CV from Artur Bekisch

Artur Bekisch

Artur Bekisch completed his middle school diploma at a secondary modern school and then, with a great deal of ambition and discipline, his specialized baccalaureate diploma at a technical secondary school. Overcoming the differences in academic performance prepared him for the challenges ahead in his studies. The foundation of his academic career was laid with the bachelor's degree program in "Environmental Engineering" and its successful completion at the Hof University of Applied Sciences. During his studies, science and scientific work became his passion. Because of this, he decided to study for a master's degree in "Chemistry-Energy-Environment" at Friedrich Schiller University in Jena. During his academic career, he became increasingly aware that the protection of the environment is indispensable due to technological advancement regarding water and energy. In this context, application-oriented research was essential to him. This application-oriented research is evident from the respective successful final theses.
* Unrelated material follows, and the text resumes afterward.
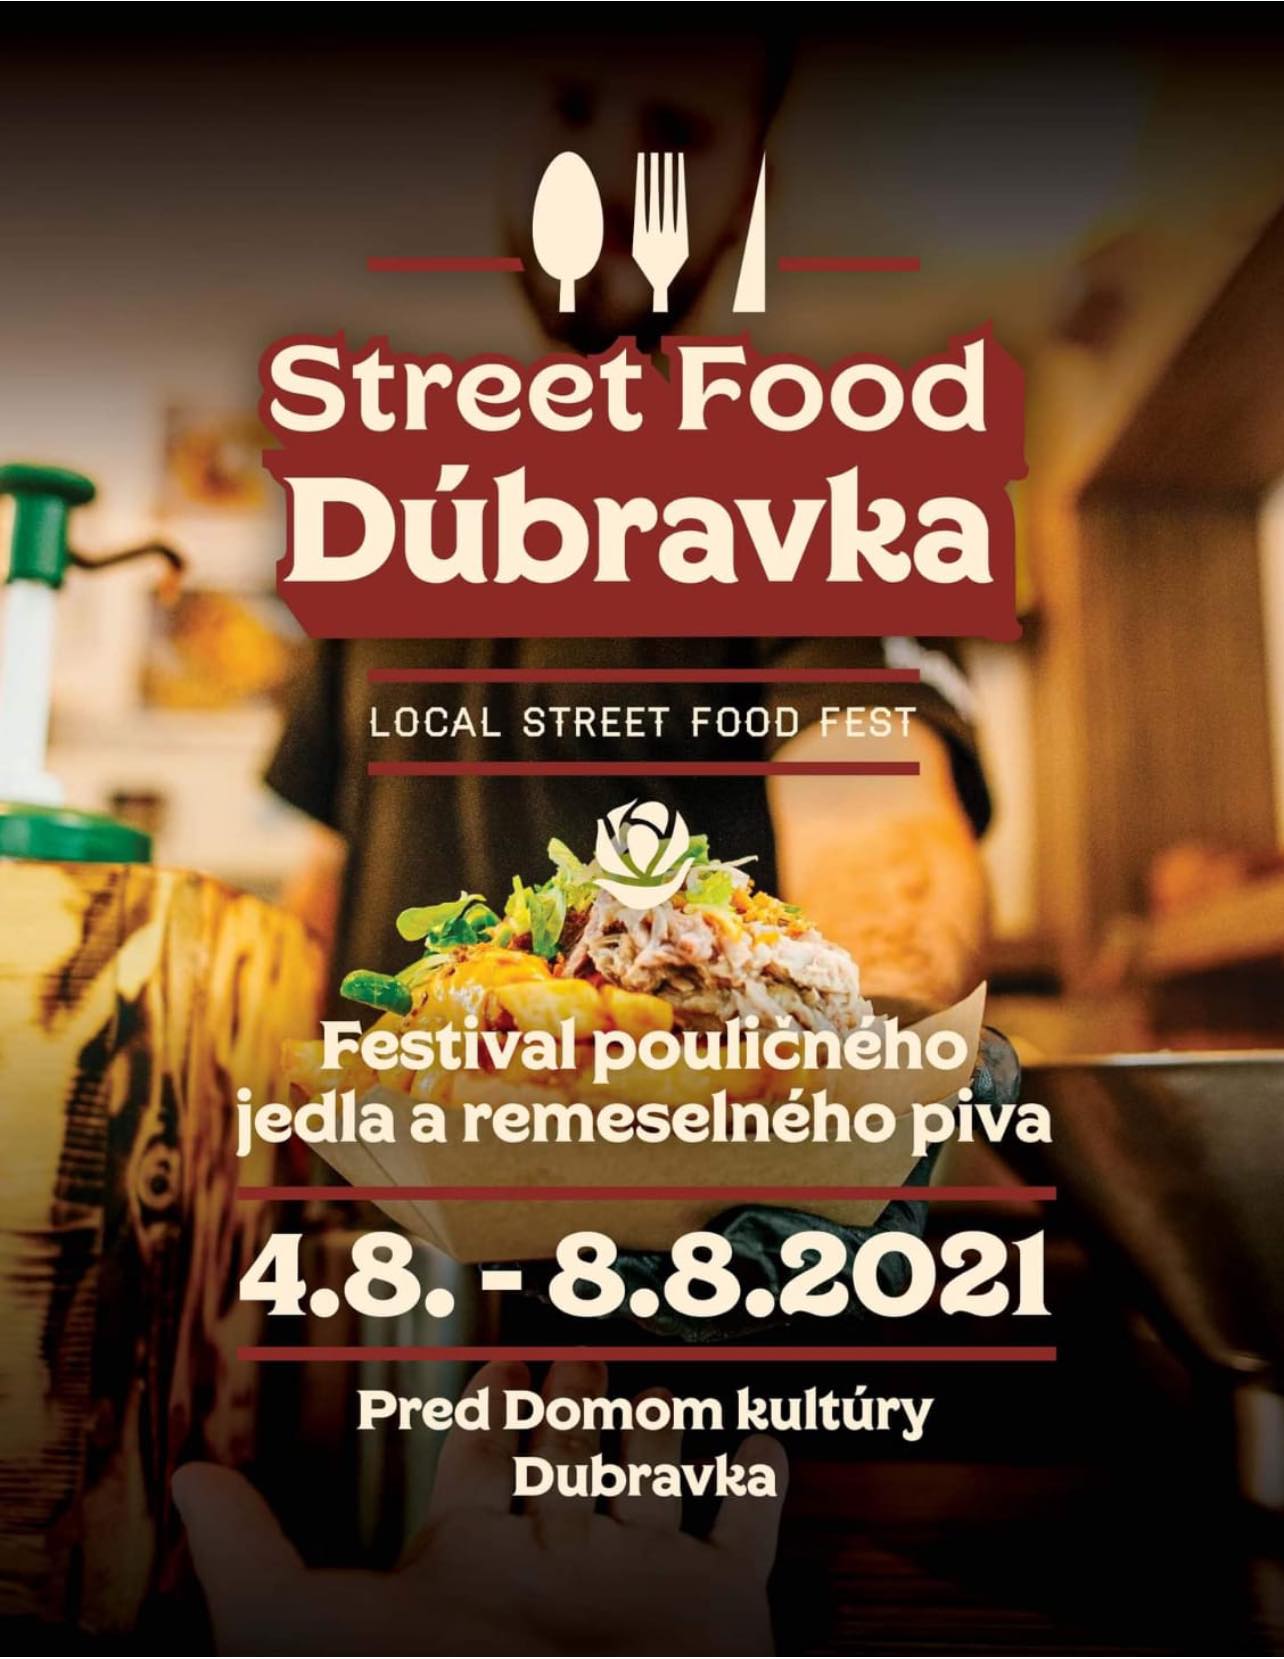 NOVÉ - - - Street food festival Dúbravka 2021 - festival pouličného jedla a remeselného piva
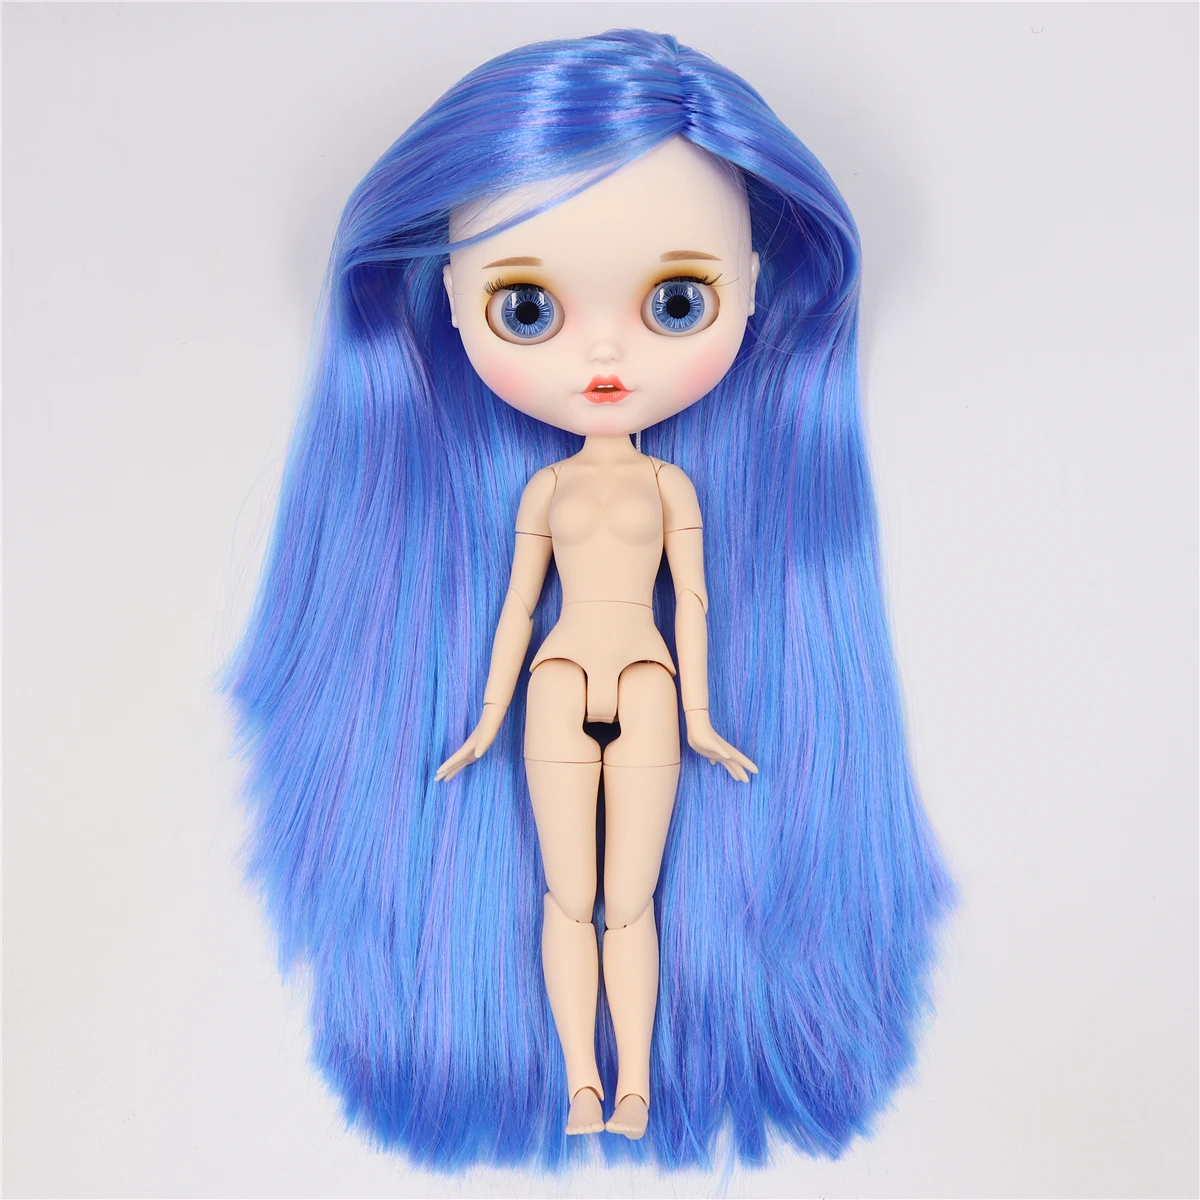 Ледяная фабрика blyth кукла белая кожа шарнир тела пользовательская кукла bjd игрушка матовое лицо с зубами голая кукла 30 см

The bachelor thesis was completed at the Fraunhofer Institute UMSICHT (nutrient recycling from an aqueous medium), and the master thesis at the Fraunhofer Institute IKTS (optimization of a stationary energy storage system - Na-NiCl2 battery). He successfully completed the Ph.D. at Fraunhofer Institute IKTS and defended it at Friedrich Schiller University Jena on Nov. 16, 2022. The awareness of environmental protection in the national and international context is close to his heart.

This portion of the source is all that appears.